Somebody somewhere has come up with a figure for the cost of all this,
which Lansley quotes – £7 billion a year, for what it's worth. Last
year's Foresight report said this cost could go up by six times by
2050. And fat is getting fatter so fast. According to NHS figures, the
proportion of obese men in the population rose during Labour's time in
office from 13.2% in 1993 to 23.1% in 2005. Among women it was even
worse, from 16.4% to 24.8%. That is nearly a quarter of all women. If
you consider people who are not obese but overweight (with a BMI of
25-30), 46% of men in England are overweight and 32% of women.

Fat is also an ethnic issue. According to NHS figures published in
2006, Irish and black Caribbean men had the highest incidence of
obesity (25% each) and among women black Africans had 38%, black
Caribbean 32% and Pakistani 28%. So, with migration trends and
immigrant fertility, the costs of obesity are going to rise fast as well.

However, I wonder how much, if anyone knew the facts, the final cost
of obesity would be to the taxpayer. For fat people die sooner and
obese people die much sooner than others, thus relieving the NHS and
the economy of their needs. It's true that obese people need expensive
treatment for diabetes and heart disease before they die, but that
might easily be offset if they had significantly shorter lives – and
they do. Current thinking seems to be that the obese die between five
and seven years earlier than otherwise they would.

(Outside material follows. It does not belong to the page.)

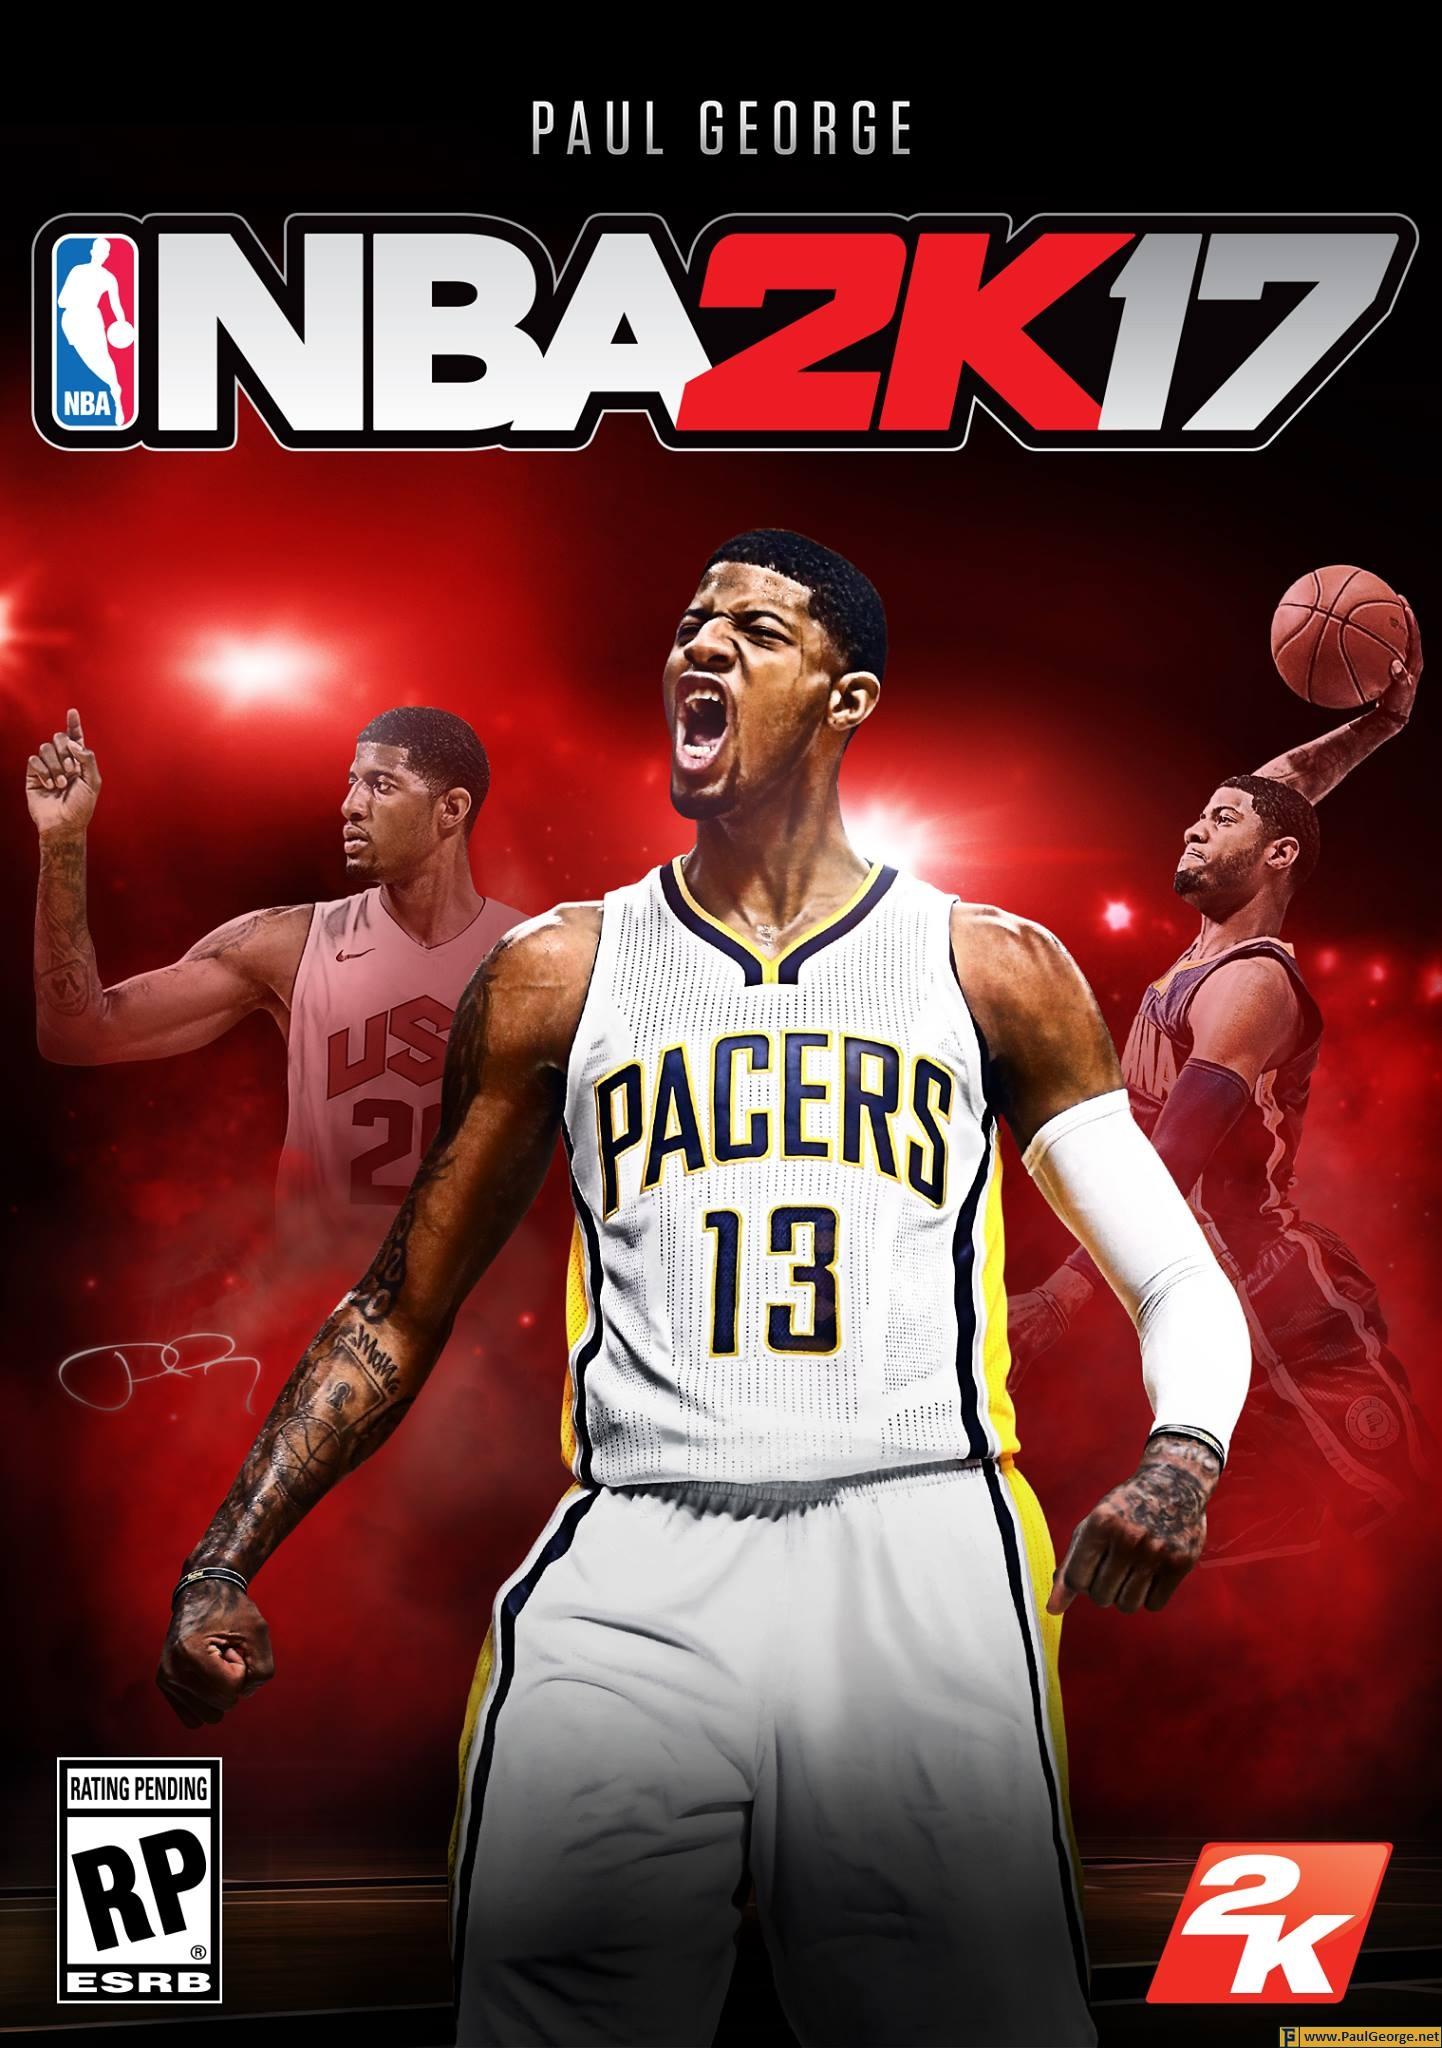 Paul George Named NBA 2K17 Cover Athlete

Few papers I've looked at on this subject discuss the possible
cost-benefit of obesity, although one from an insurance company coyly
mentioned the advantage to pension providers if a person died before
he reached pensionable age. For years I used to argue that smokers
were a net benefit, purely financially speaking, to the exchequer,
because they died early. I still feel rather proud of being the first,
I believe, to get a known expert (Professor Richard Peto in 1993) to
agree publicly to this idea, now accepted. Might not the same be true
of obesity? The real drain on the NHS is geriatric medicine; the obese
might not reach old age.

If the only reason for interfering with what fat people eat is how
much it costs the rest of us, perhaps we should leave them alone. It's
well known that obesity (and fatness) are associated with poor
education, poor housing, poor employment or none, low expectations,
low opportunities and all the rest. These are all social ills that
this government has been trying to deal with for more than a decade.
Yet little has improved and obesity – as an indicator of that fact –
has swollen vastly while Labour has been in office. What prevents
obesity is a good income, a good education, good opportunities and the
kind of background that develops self-confidence. Prosperity, in short.

Obesity cannot be defeated by taskforces, better labelling on packets
or investing in health accreditation schemes. This has all been tried
and has failed. In the presence of a complex problem, and in the
absence of a workable solution, perhaps it is better to leave people
to their own devices. Nobody can pretend they don't know what they're
doing. They should be left alone to do it.